GIVEN INFORMATION -
====

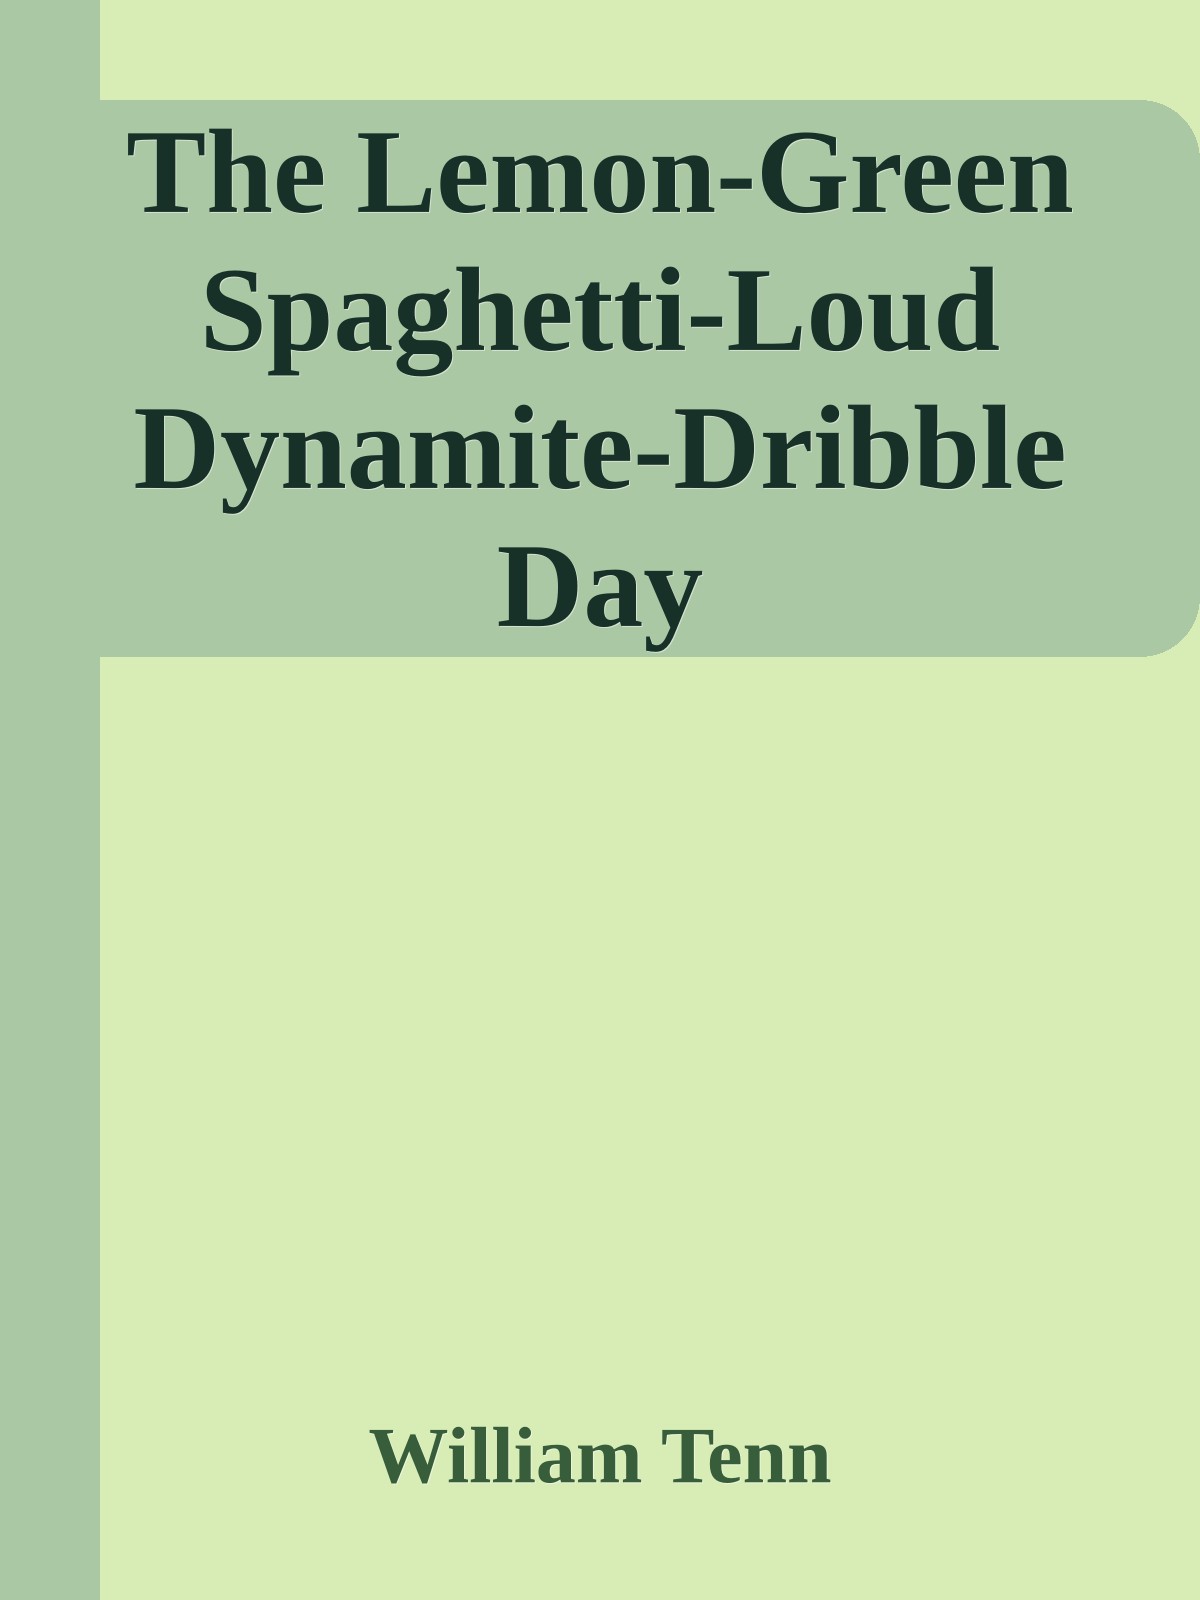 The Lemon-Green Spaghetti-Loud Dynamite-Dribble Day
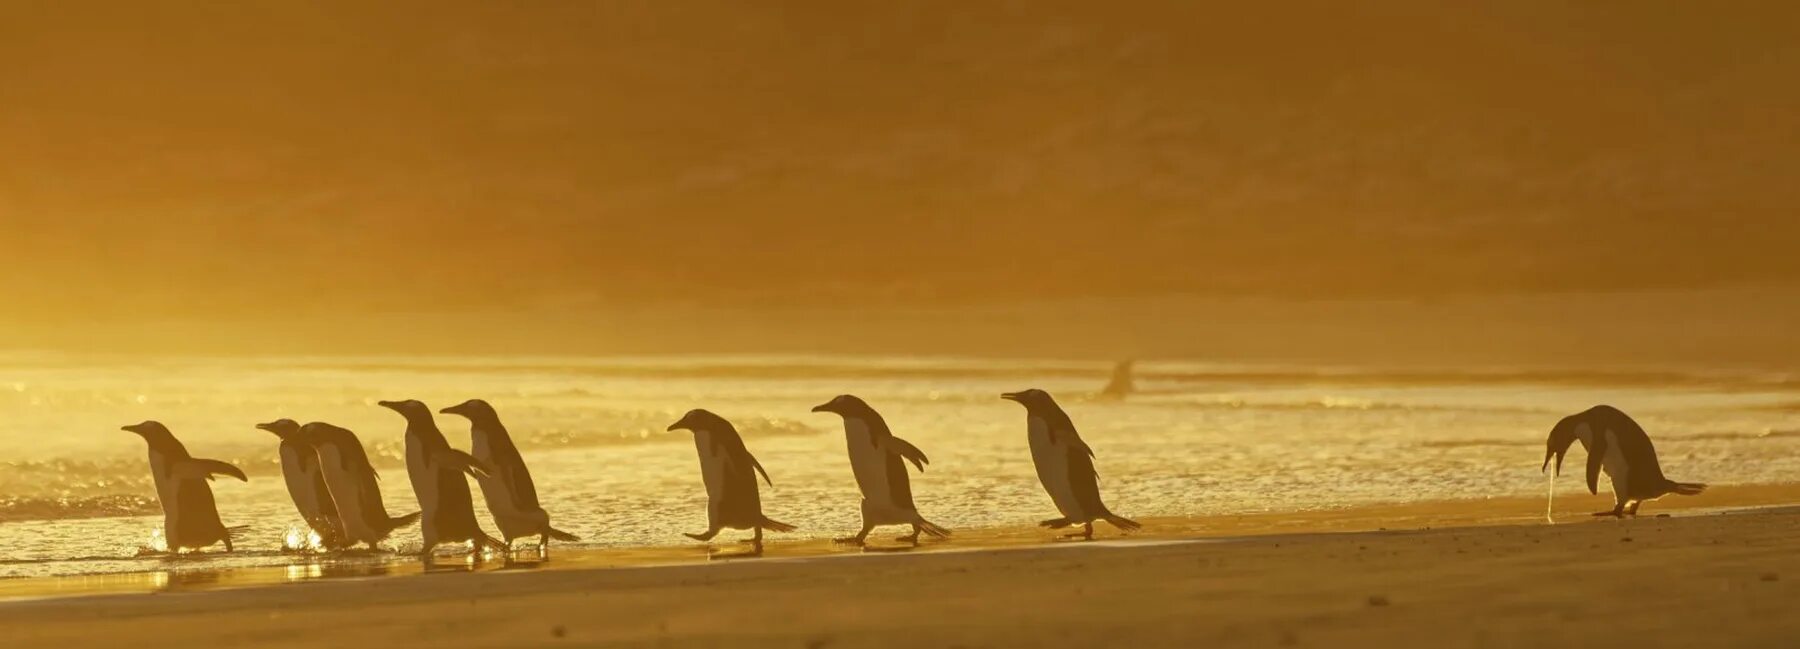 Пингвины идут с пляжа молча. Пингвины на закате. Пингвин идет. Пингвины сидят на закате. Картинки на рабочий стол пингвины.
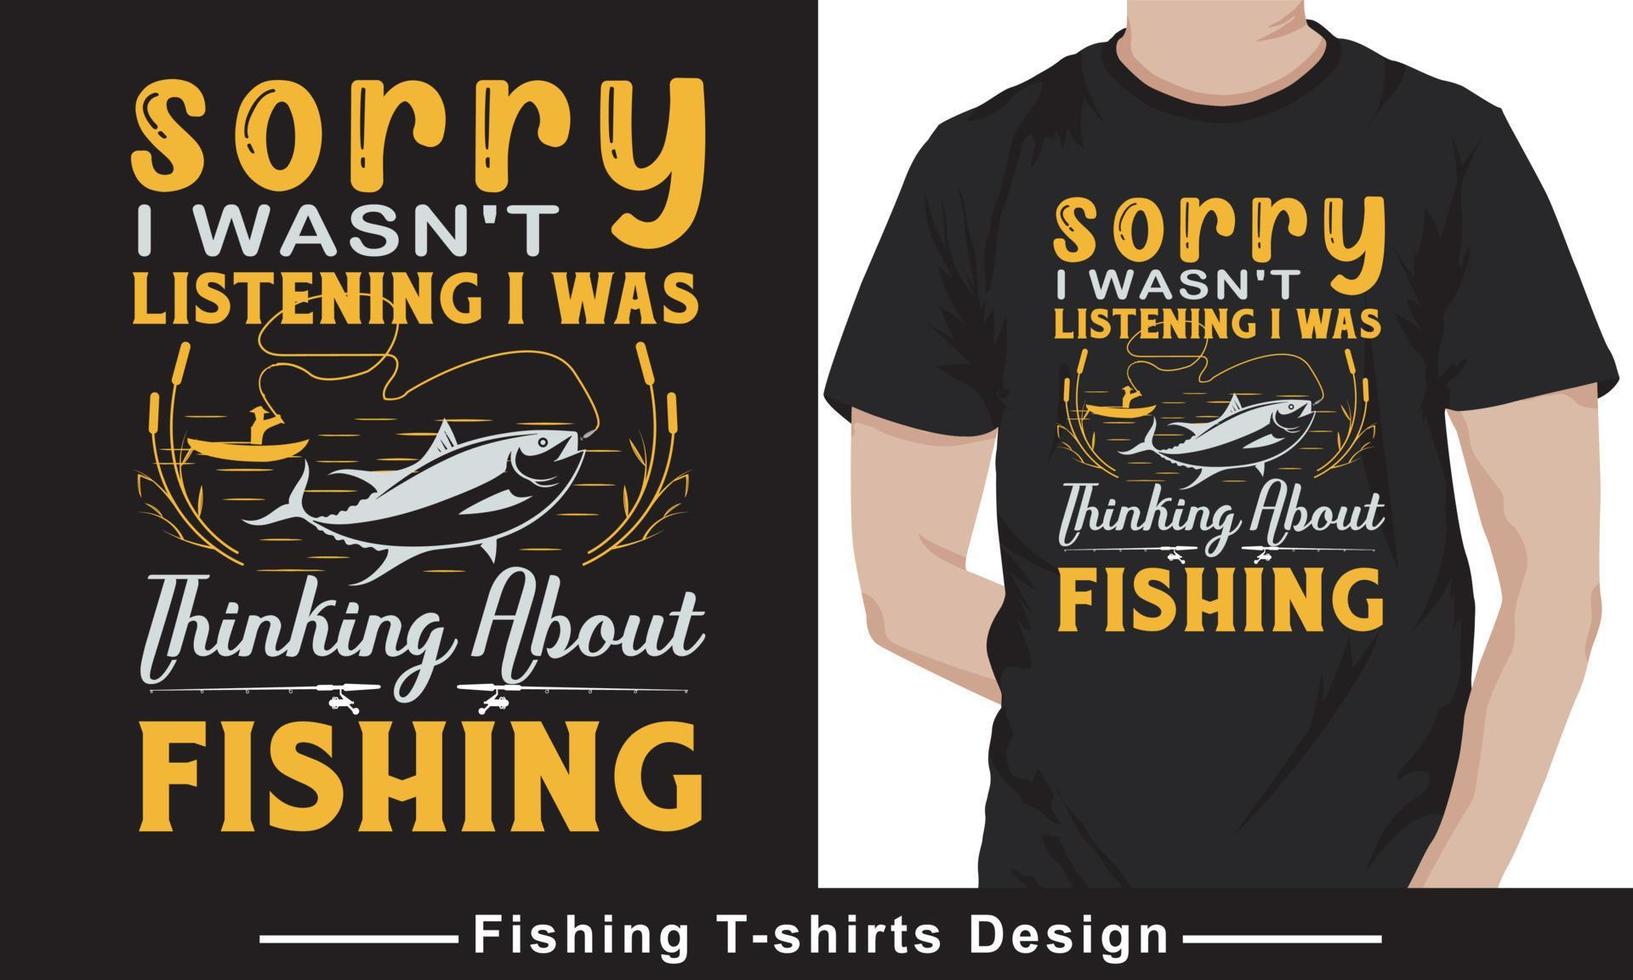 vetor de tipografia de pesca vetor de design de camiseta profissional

====

REQUIRED WORK - All pictures should be dropped; the lines from the one containing "Пингвины идут с" through the last line of the material are to be set down exactly.

ANSWER TO THIS EXERCISE -
 Пингвины идут с пляжа молча. Пингвины на закате. Пингвин идет. Пингвины сидят на закате. Картинки на рабочий стол пингвины.
 vetor de tipografia de pesca vetor de design de camiseta profissional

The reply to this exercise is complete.